Ces derniers mois, en production, les appels à volontaires pour faire des samedis ou des heures supplémentaires faisaient rage. On nous annonçait des prévisions de vente à la hausse au point de menacer nos congés de fin d’année. La rage, c’est nous qui l’avons maintenant ! Car, ces heures en plus ont été l’occasion pour la direction de donner un congé (définitif celui-là) à nos collègues intérimaires de l’équipe de nuit. Si ces samedis peuvent donner l’impression de booster un peu les salaires, ils sont surtout un moyen de précariser davantage les travailleurs ! Sans parler de la fatigue occasionnée et de la vie familiale et sociale qui en prend un coup.
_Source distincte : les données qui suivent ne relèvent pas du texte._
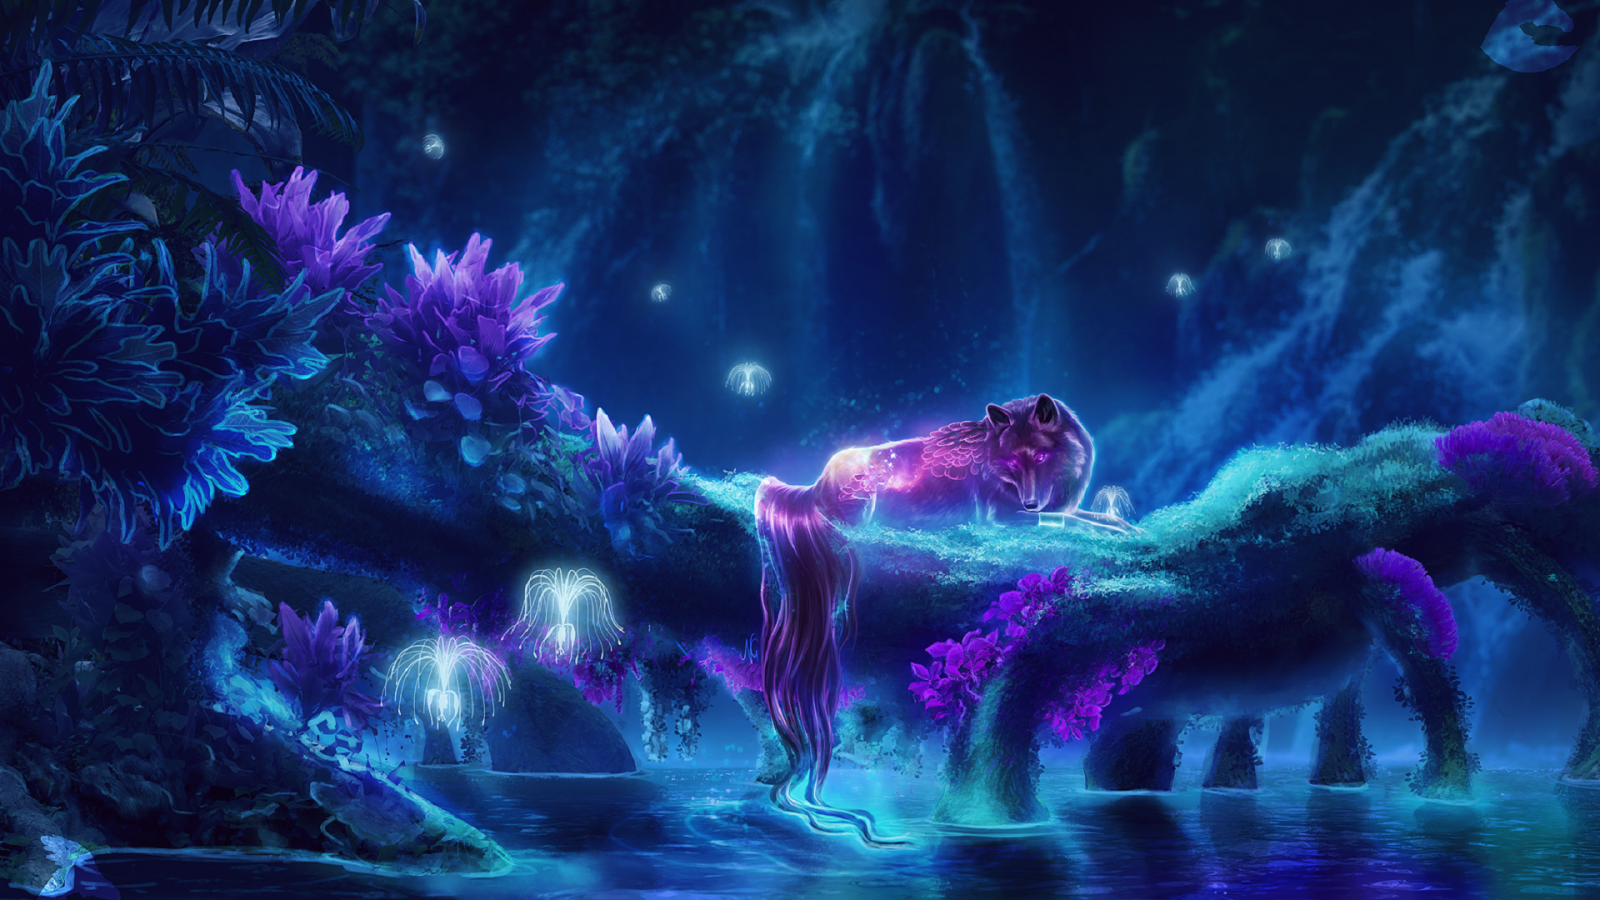 Download 1600x900 Fantasy Creature, Wolf, Forest, Water, Magical Creatures, Night Wallpaper

Maintenant que nos collègues ont été virés comme des kleenex et que nous sommes épuisés, rappelons-nous que notre combat est celui de la lutte pour l’embauche de tous les précaires et l’augmentation des salaires, non celui de se faire exploiter un jour de plus par semaine !

… d’après le bulletin BioMérieux

Pas de surprise, pas de fausse note, les résultats du troisième trimestre pour BioMérieux sont annoncés en hausse avec un résultat opérationnel estimé entre + 12 et + 15 %. Alors pourquoi la direction nous joue-t-elle les violons lors des NAO ? Au vu des résultats de cette année, il va lui falloir un orchestre symphonique ! En tout cas, pour que les NAO ne se déroulent pas comme sur du papier à musique, avec une fin en decrescendo courue d’avance, il va nous falloir montrer que pour arracher de vraies augmentations de salaire, nous sommes capables de jouer notre propre musique : celle de la grève !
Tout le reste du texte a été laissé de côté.